Of course, there is a fine line between too little and too much control. Trust is fundamentally important when you give up some of it. After all, as a manager, you are still ultimately responsible for the results, even if you do not control your people’s work.

7. Encourage

In a lot of organizations, people are pretty busy, and try to work as fast as they can. The problem is that an environment like this can prevent innovation. People might have good ideas, but they do not dare to try them out, because trying things out does not usually generate output, or get you a lot of credit. They might feel like they are stealing time from the organization. Maybe they have not thought enough about the idea yet, but since they know they will not get the time to test the idea in practice anyway, they do not even bother to refine it.

In situations like this, some encouragement by their manager might be all they need.
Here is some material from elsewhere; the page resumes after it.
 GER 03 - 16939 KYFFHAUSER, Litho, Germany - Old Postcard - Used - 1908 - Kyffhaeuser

If an employee knows that somebody else supports their idea, and has their back when they make time to work on it, she is much more likely to get started. If you think an idea is worth pursuing, show your support clearly to your employee, and encourage her to go on.

How do you find out about such early-stage ideas? Again, a one-on-one is a great opportunity for throwing ideas back and forth. Informal chats around the coffee machine or over lunch are also excellent.
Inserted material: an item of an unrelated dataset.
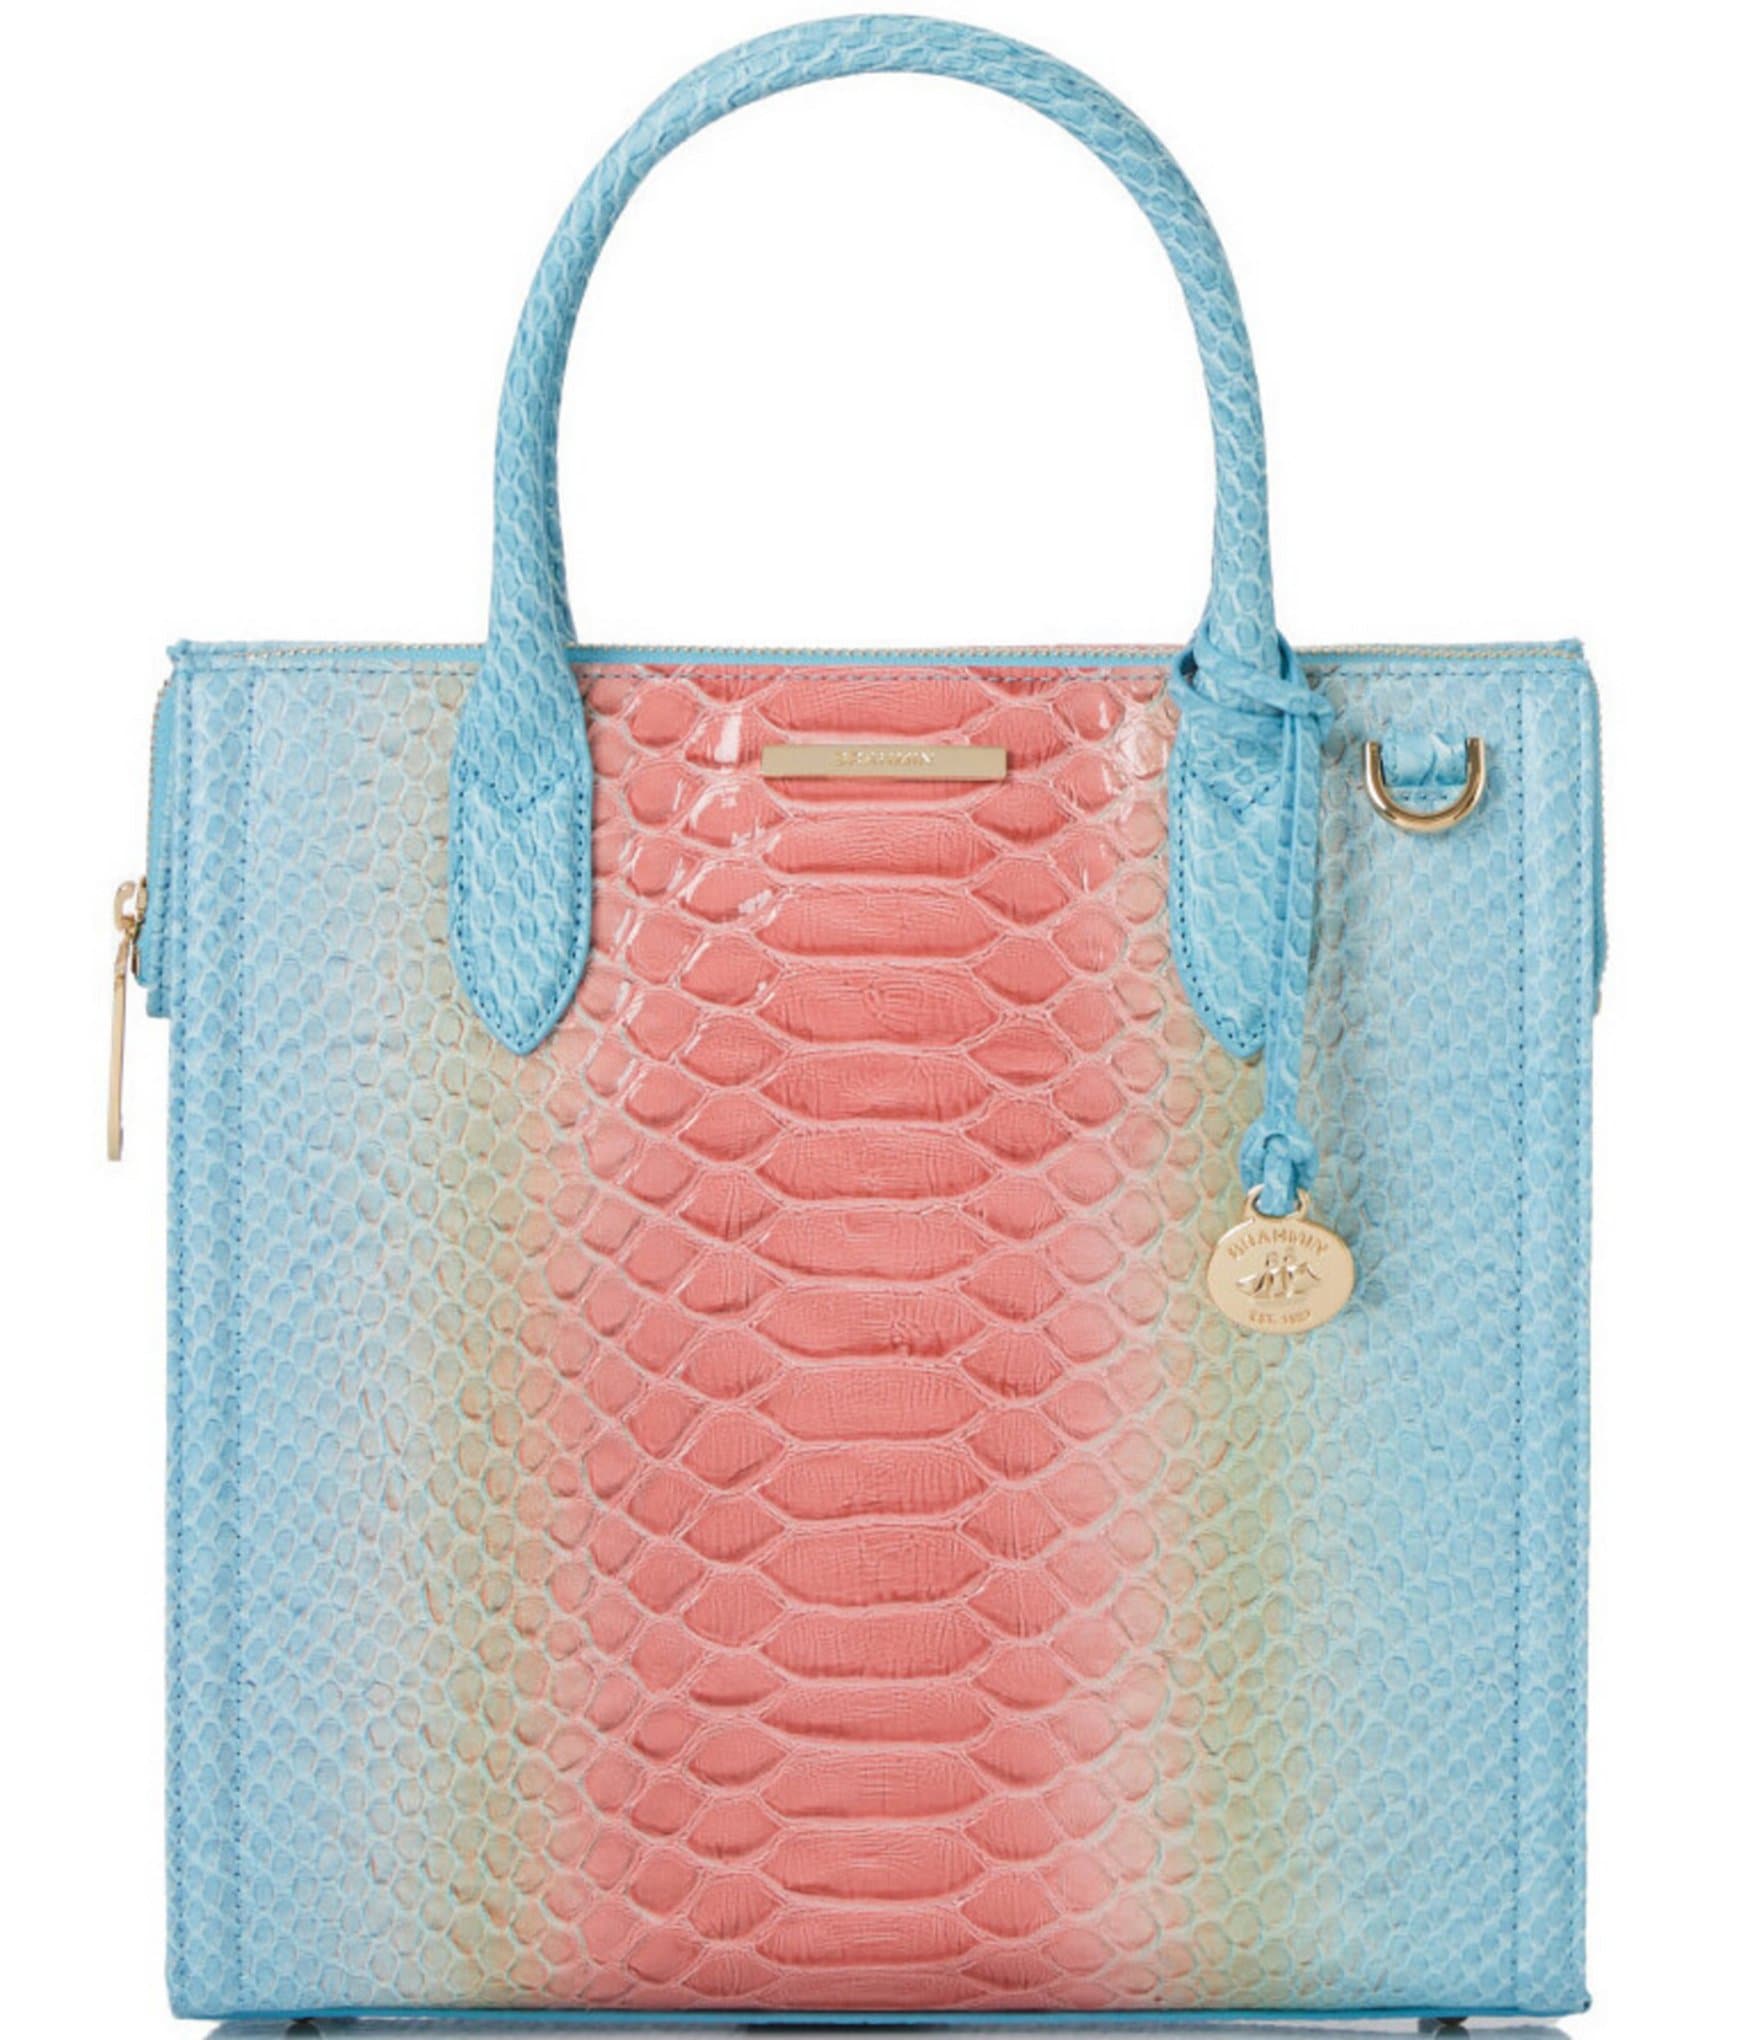 Betsey Johnson Handbag Purse Pink Heart Python Metallic Chain Silver Bag

Just as with giving up control (point 6 above), encouraging people taps into your employees’ creative talent and drive, and can cause them to massively increase their output — which is why encouragement is definitely a high-leverage thing.

Conclusion

Regardless of your role: If you want to have an impact, you have to spend as much of your time as possible on high-leverage activities. As a manager, this becomes even more important, since your actions affect an entire team or sub-organization. We have looked at delegation, connecting people, reducing time spent on low-value activities, teaching, encouraging your people to teach, giving up the right amount of control, and encouraging people to pursue their own ideas.

Using these strategies, you can make a disproportionate impact with the time you have — impact that will motivate the people around you, drive engagement, and help them grow. If you agree, disagree, or have other strategies for achieving high leverage, I would love to hear from you in the comments section below.

Time investment

This blog post took me around 4.5h to write.